**YOUR TASK**
Work out how many lines of the material contain the string "avec"; the answer is that number only.
BEGIN DATA IN THIS EXERCISE
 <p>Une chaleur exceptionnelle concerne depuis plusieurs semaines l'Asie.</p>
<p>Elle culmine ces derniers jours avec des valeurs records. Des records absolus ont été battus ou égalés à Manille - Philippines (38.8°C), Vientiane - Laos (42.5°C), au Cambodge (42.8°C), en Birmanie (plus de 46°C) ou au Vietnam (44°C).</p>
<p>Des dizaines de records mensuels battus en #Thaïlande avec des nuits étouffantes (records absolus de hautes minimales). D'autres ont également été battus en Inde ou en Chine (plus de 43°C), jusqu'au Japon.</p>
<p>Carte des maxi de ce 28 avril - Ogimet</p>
END DATA IN THIS EXERCISE
BEGIN DATA IN THIS EXERCISE
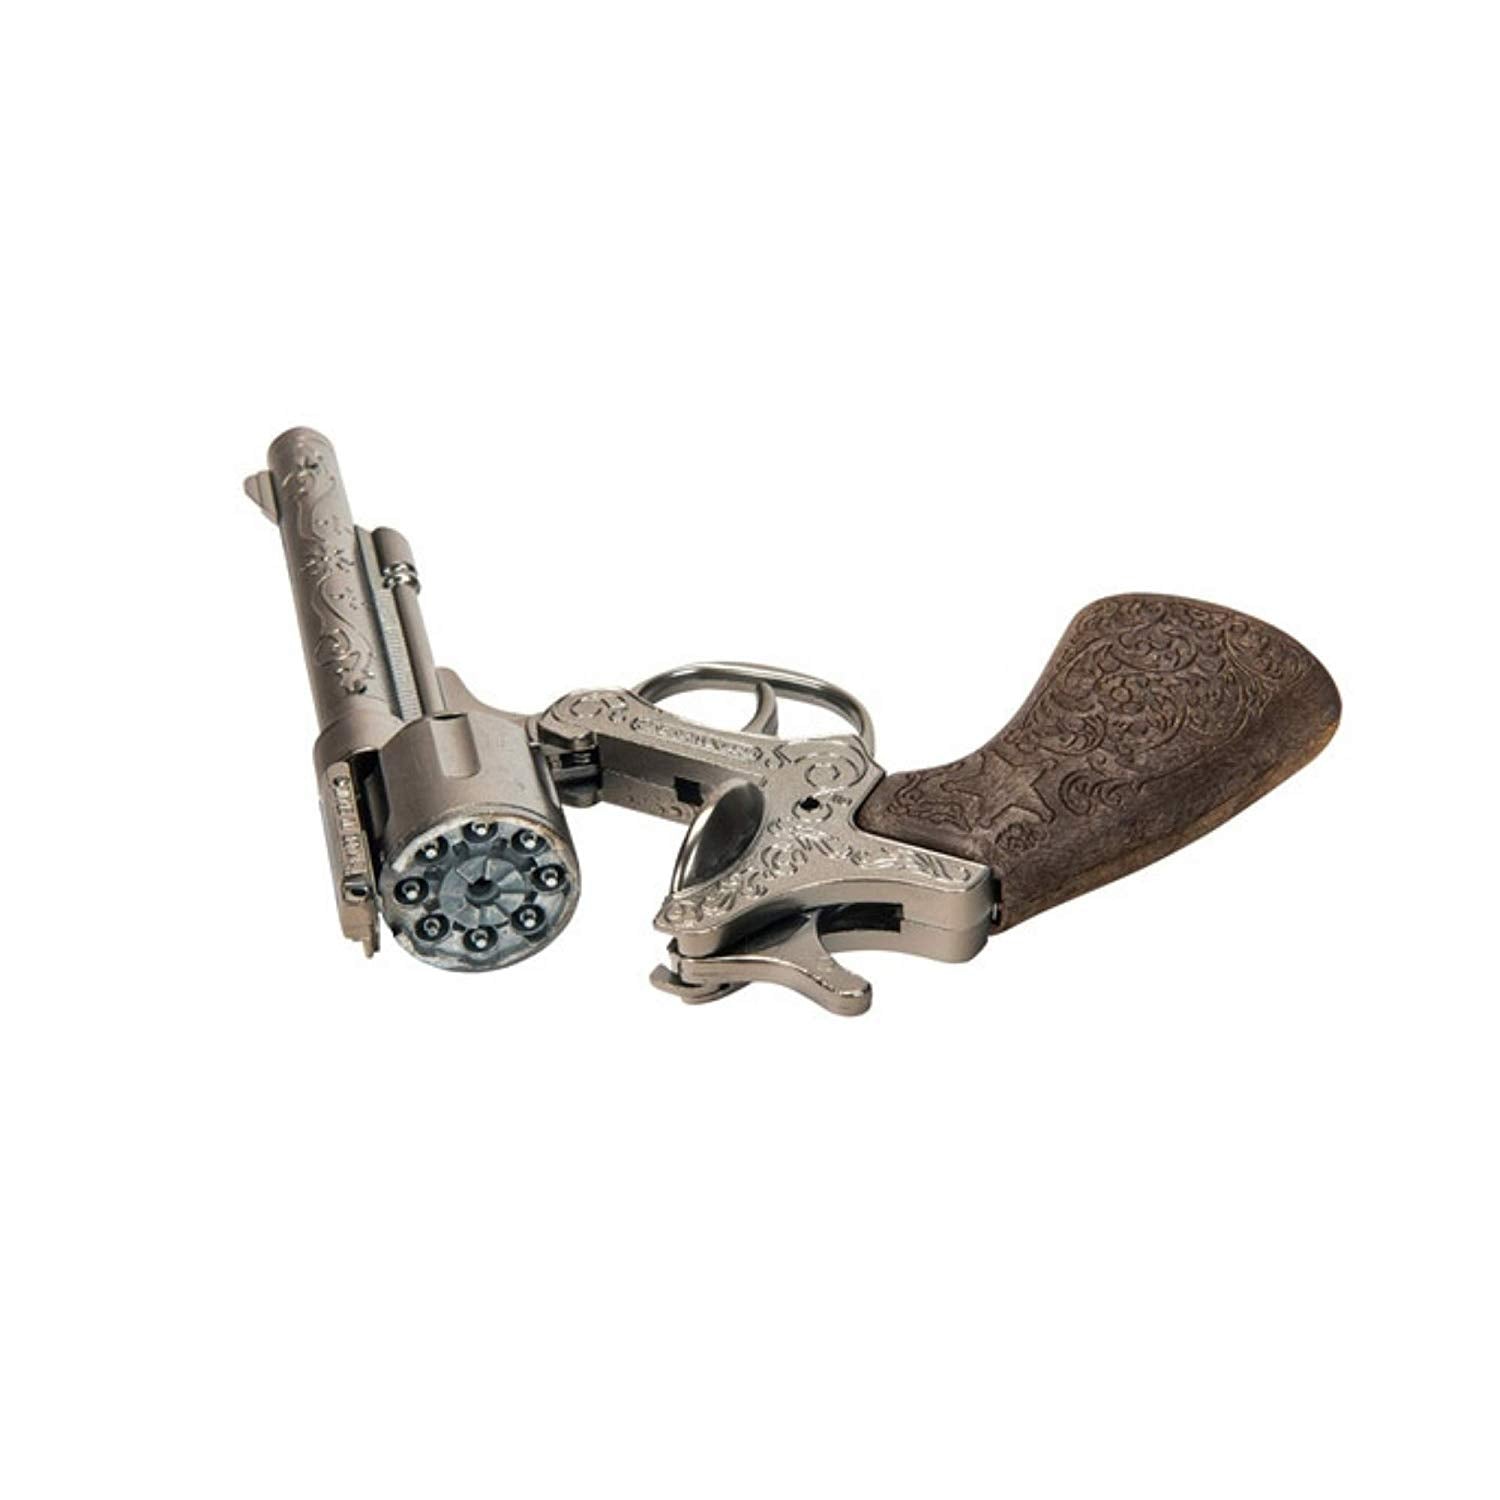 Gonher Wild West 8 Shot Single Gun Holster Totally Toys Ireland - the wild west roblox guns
END DATA IN THIS EXERCISE
BEGIN DATA IN THIS EXERCISE
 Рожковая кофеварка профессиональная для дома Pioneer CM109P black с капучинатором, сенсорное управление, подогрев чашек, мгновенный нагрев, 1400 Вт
END DATA IN THIS EXERCISE
**ANSWER BELOW**
2